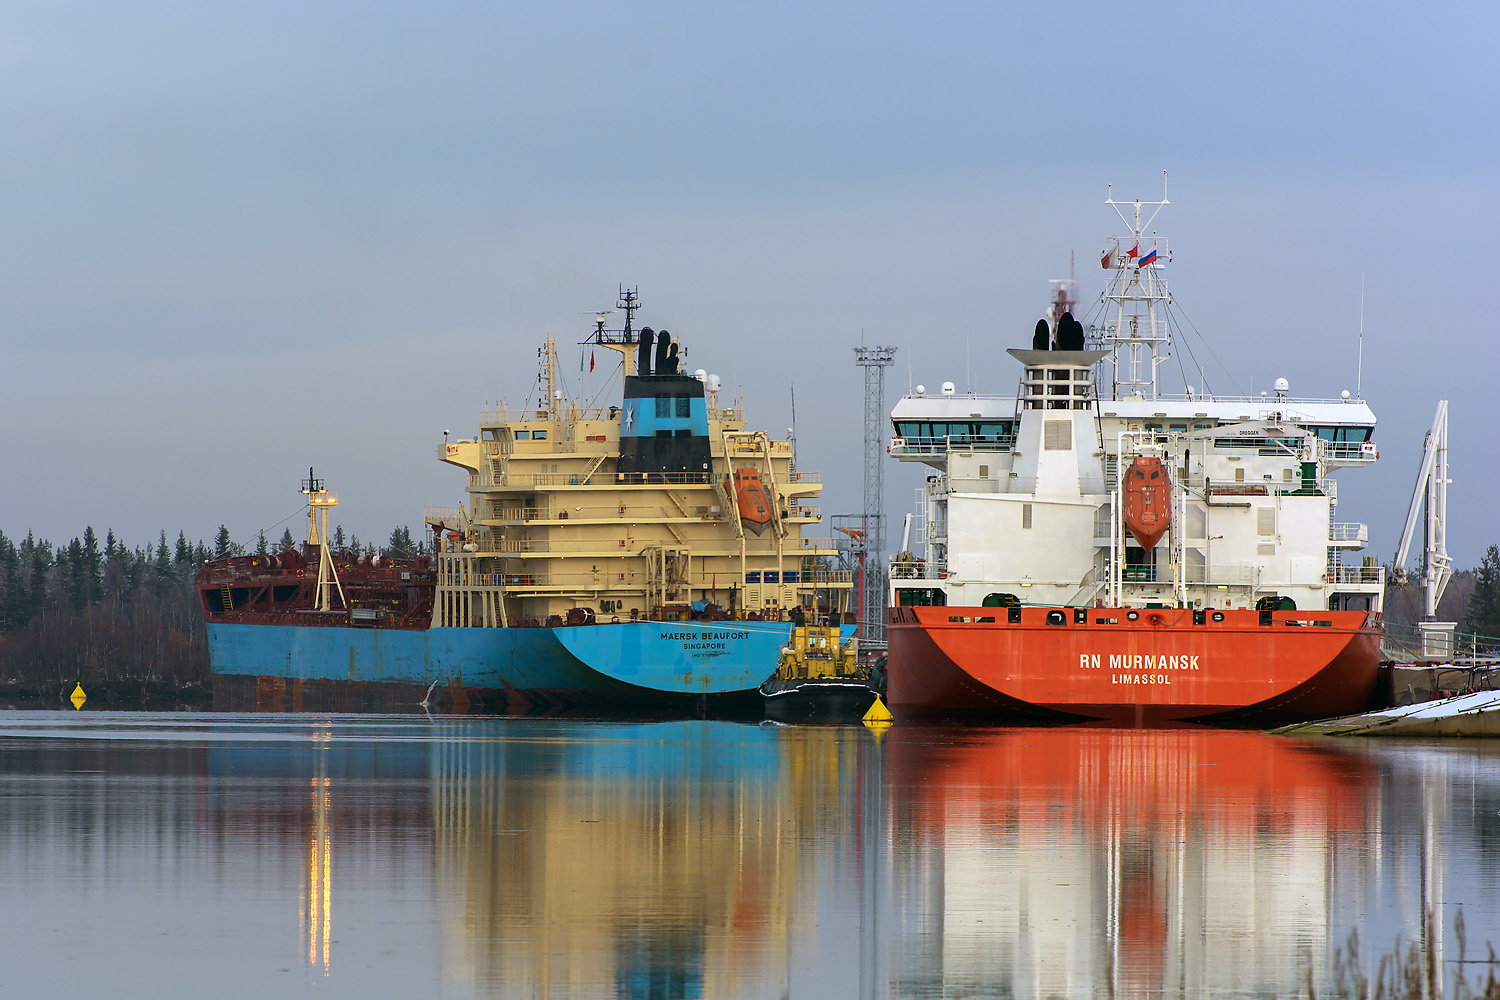 Maersk Beaufort, RN Murmansk
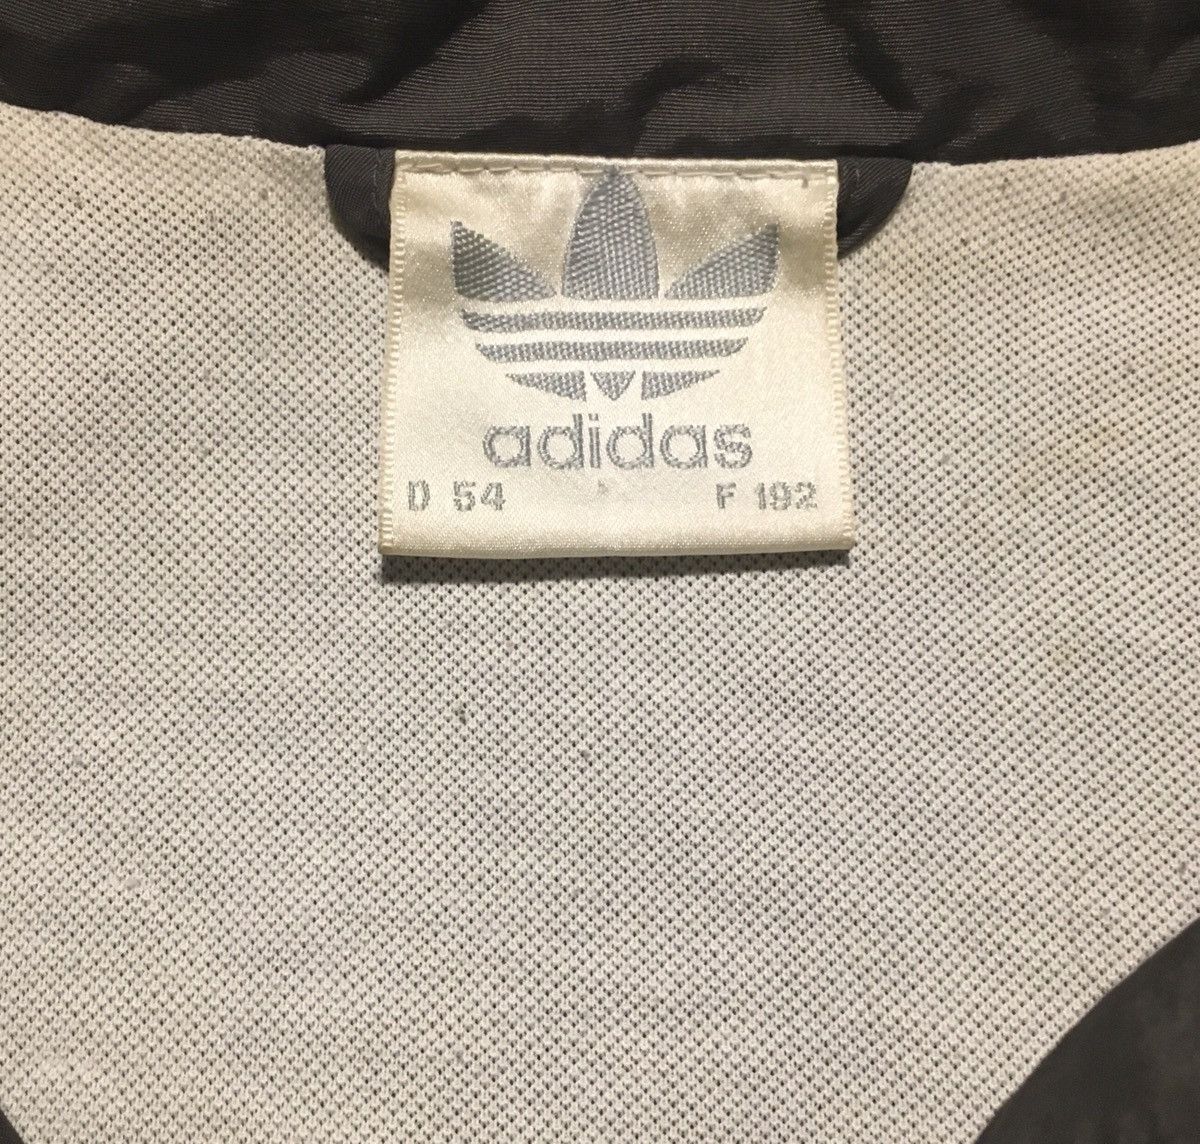 Adidas Vintage Adidas Tennis Jacket Size US L / EU 52-54 / 3 - 3 Thumbnail
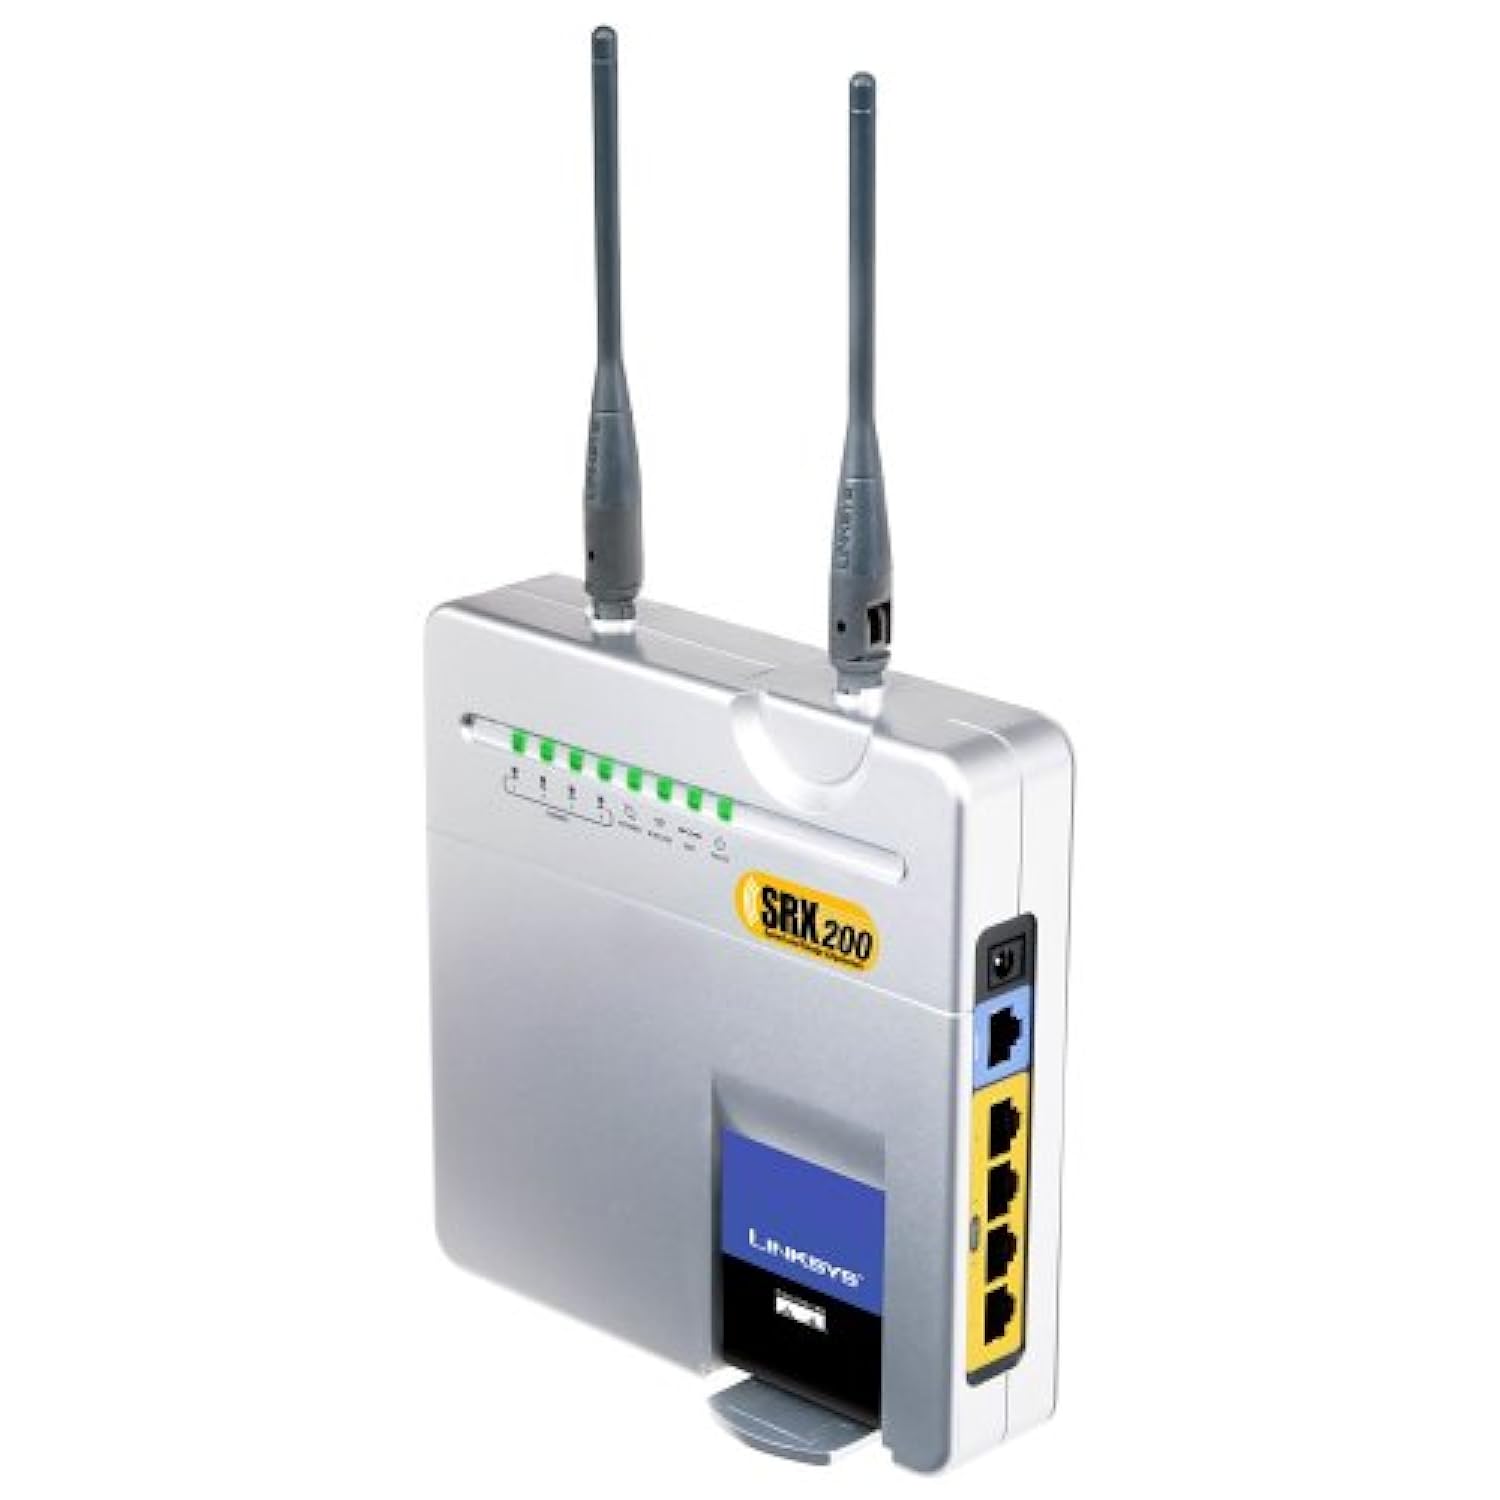 Linksys Cisco-Linksys Wireless-G Broadband Router with SRX200 (WRT54GX2)
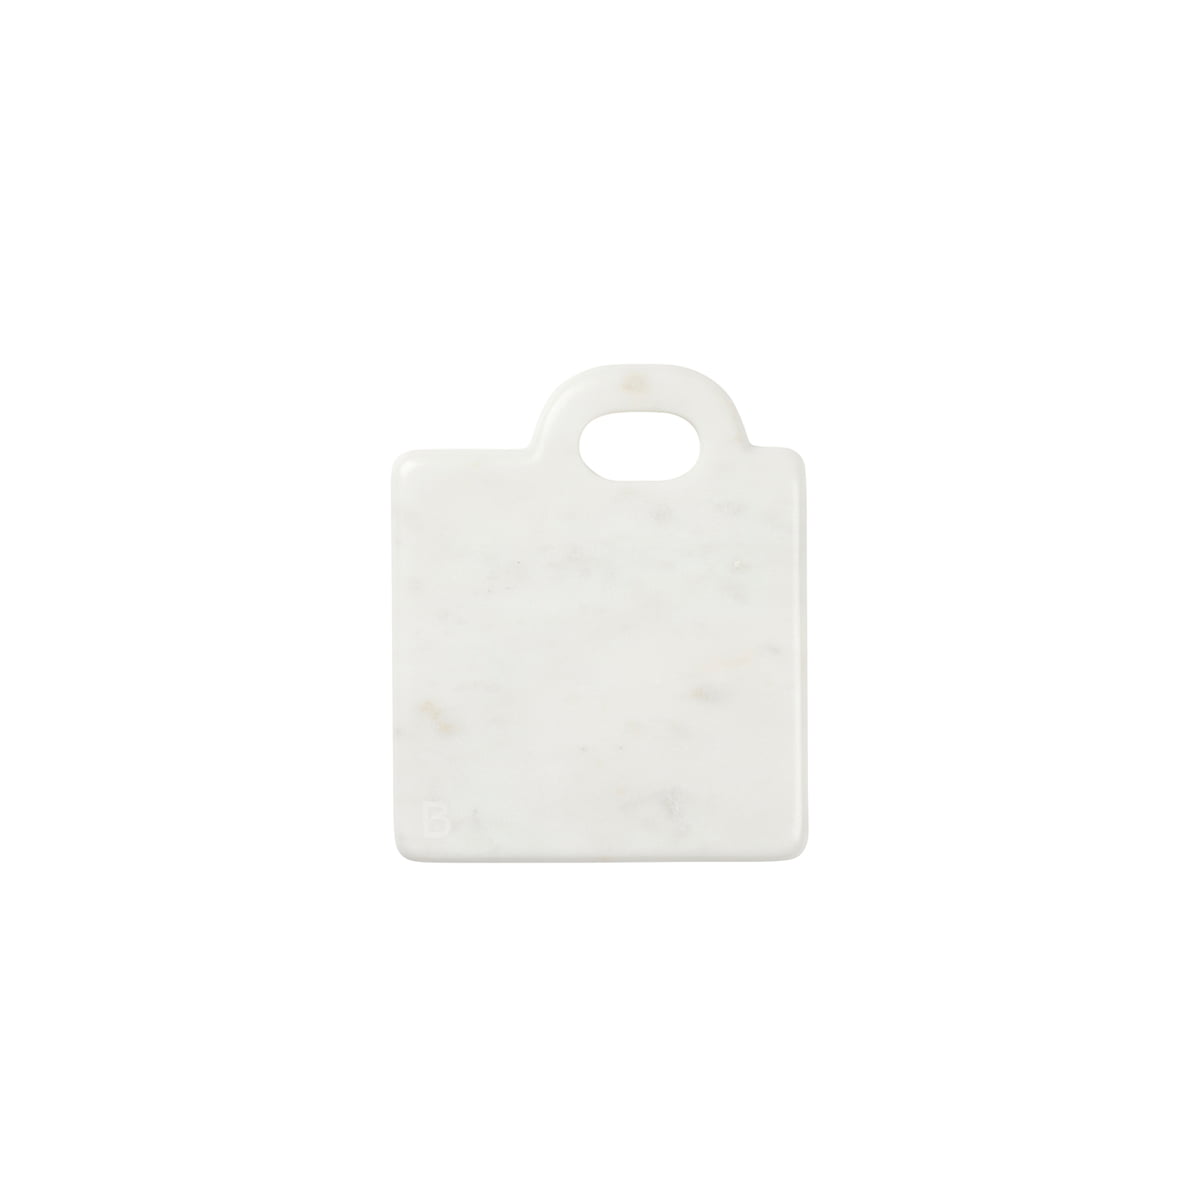 broste copenhagen - olina planche à découper 14 x 17 cm, marbre blanc

Exercise prompt:
Word for word, reproduce all the data, but not the pictures.

Your solution:
 Maersk Beaufort, RN Murmansk
 Adidas Vintage Adidas Tennis Jacket Size US L / EU 52-54 / 3 - 3 Thumbnail
 Linksys Cisco-Linksys Wireless-G Broadband Router with SRX200 (WRT54GX2)
 broste copenhagen - olina planche à découper 14 x 17 cm, marbre blanc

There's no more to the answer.